The GPT Store cometh! The week this issue (42) is published, OpenAI will offer its own official version of an "App Store" for GPTs. This store will feature community use cases of GPTs, create a new kind of market with new rules for money, deluge us with many poorly thought out GPTs, and legitimize truly novel experiences yet to be uncovered. All at the same time!

In part II of the holiday issue, I made this prediction:

GPT agents begin to pop up in places QR menus and PoS iPads exist, people get used to talking to agents in a variety of scenarios (high confidence)

I'd like to use this issue to substantiate that prediction.

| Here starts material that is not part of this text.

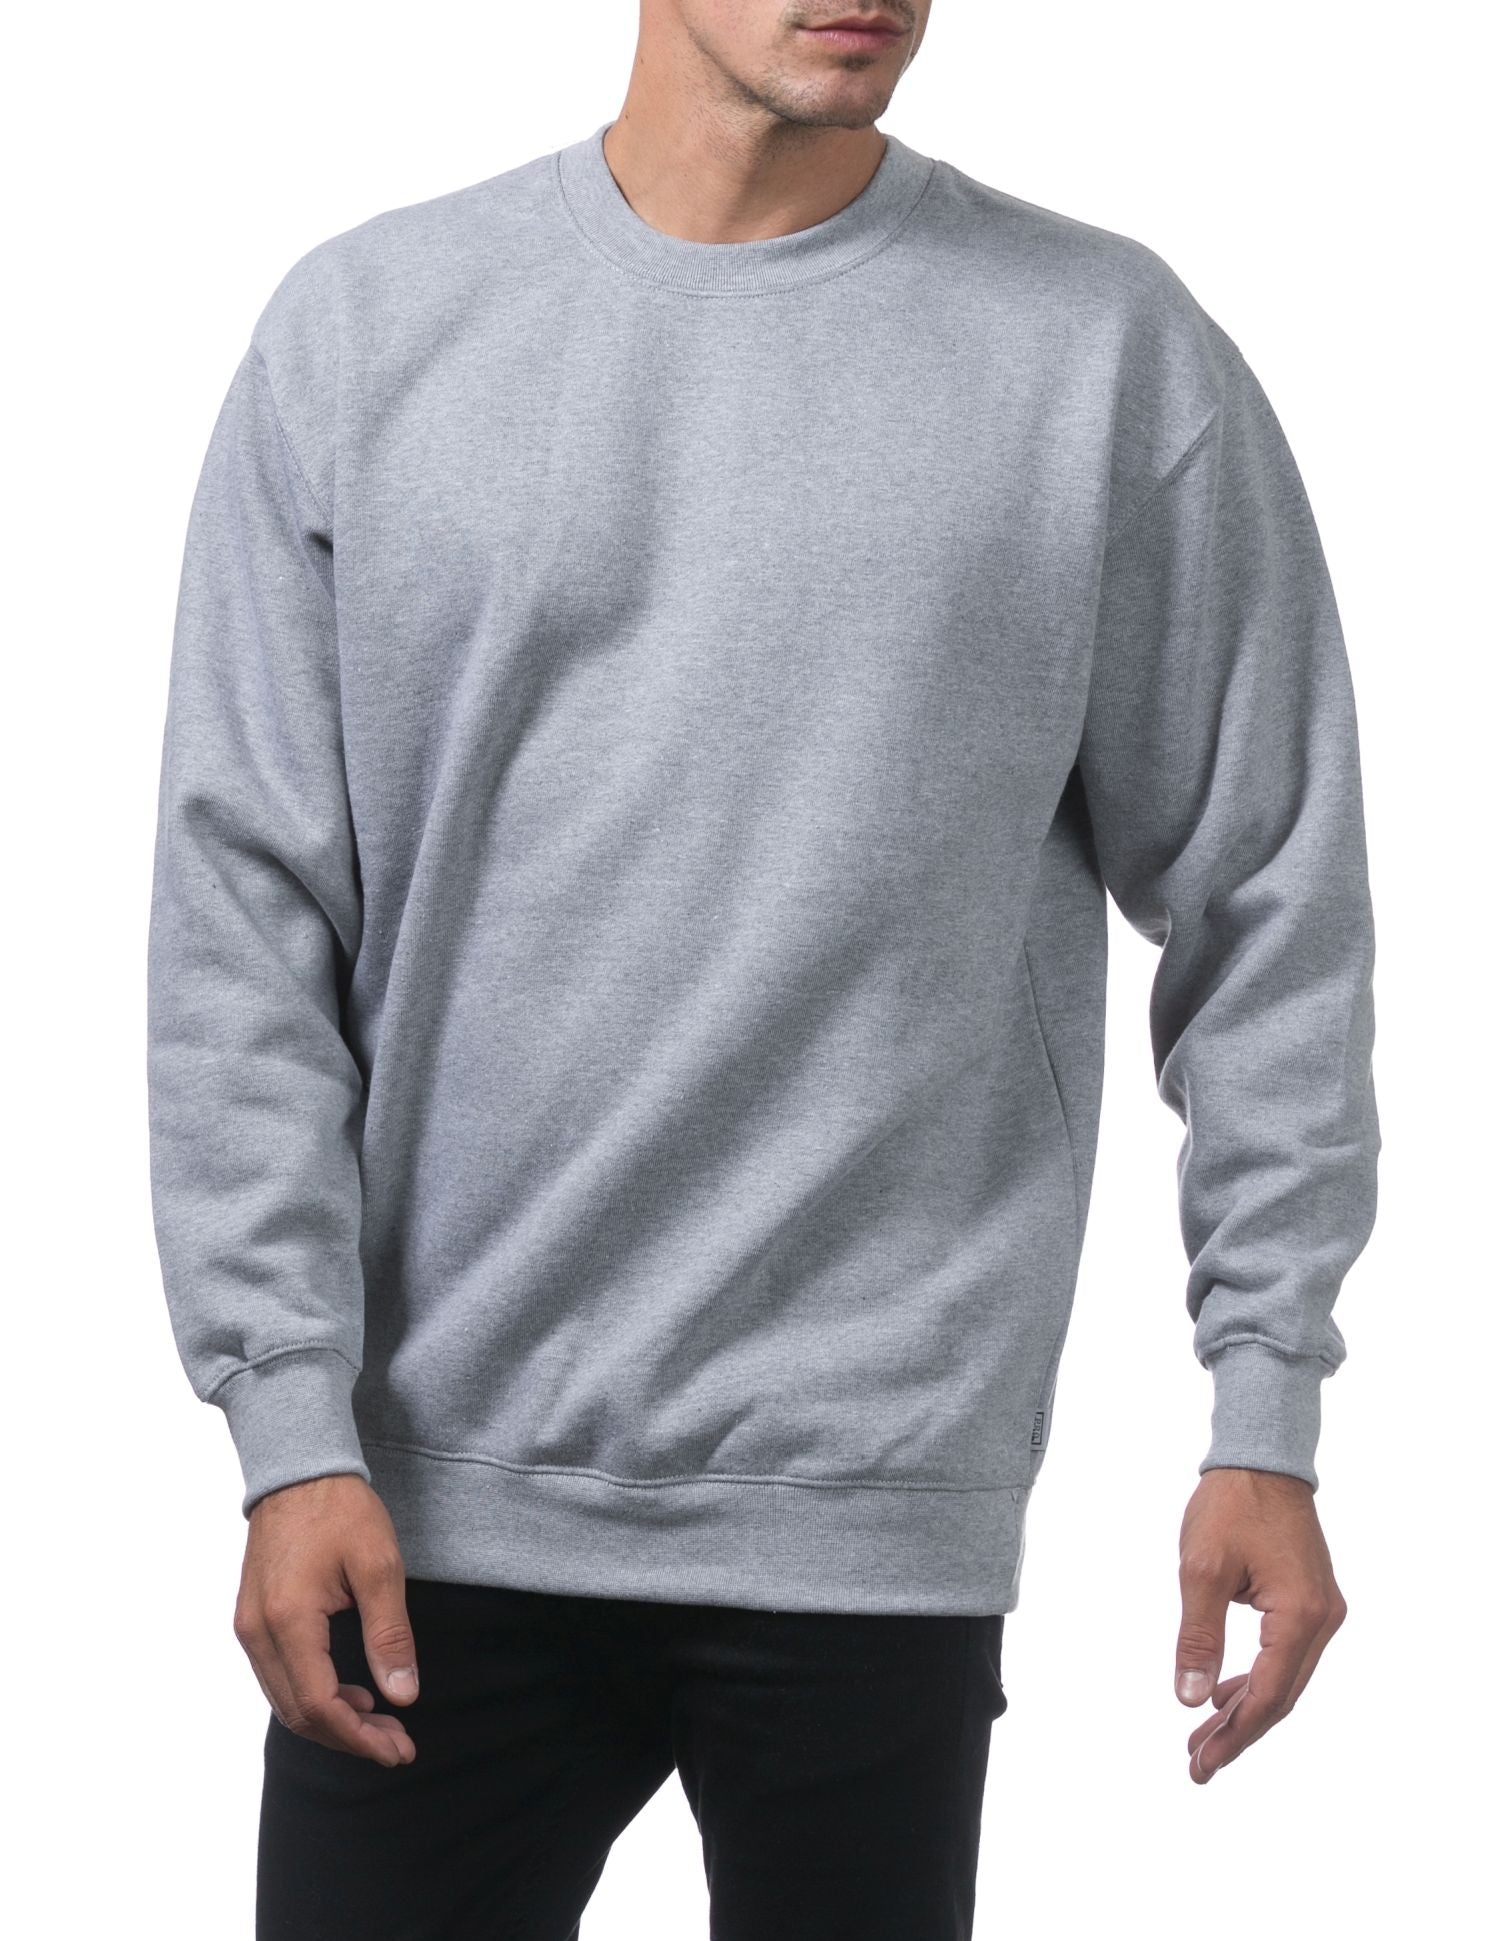 Pro Club Men's Comfort Crew Neck Fleece Pullover Sweater - Heather Gray - Small - Pro-Distributing

Let's open with a question with a non obvious answer. What is a website?

You can still visit the world's first-ever website from over 30 years ago
The world's first ever webpage, from CERN (April 30, 1993)

In the most brutal definition, websites are readonly pages of information. Due to the technical realities of the ARPANet era, moving large packets of data (think HD video or MMO games) reliably from computers physically located in different geographical locations was not a trivial problem. As such, static text-only webpages were the first websites. Much like a printed piece of paper, webpages were distributed on demand by visiting a unique address, known as a URL.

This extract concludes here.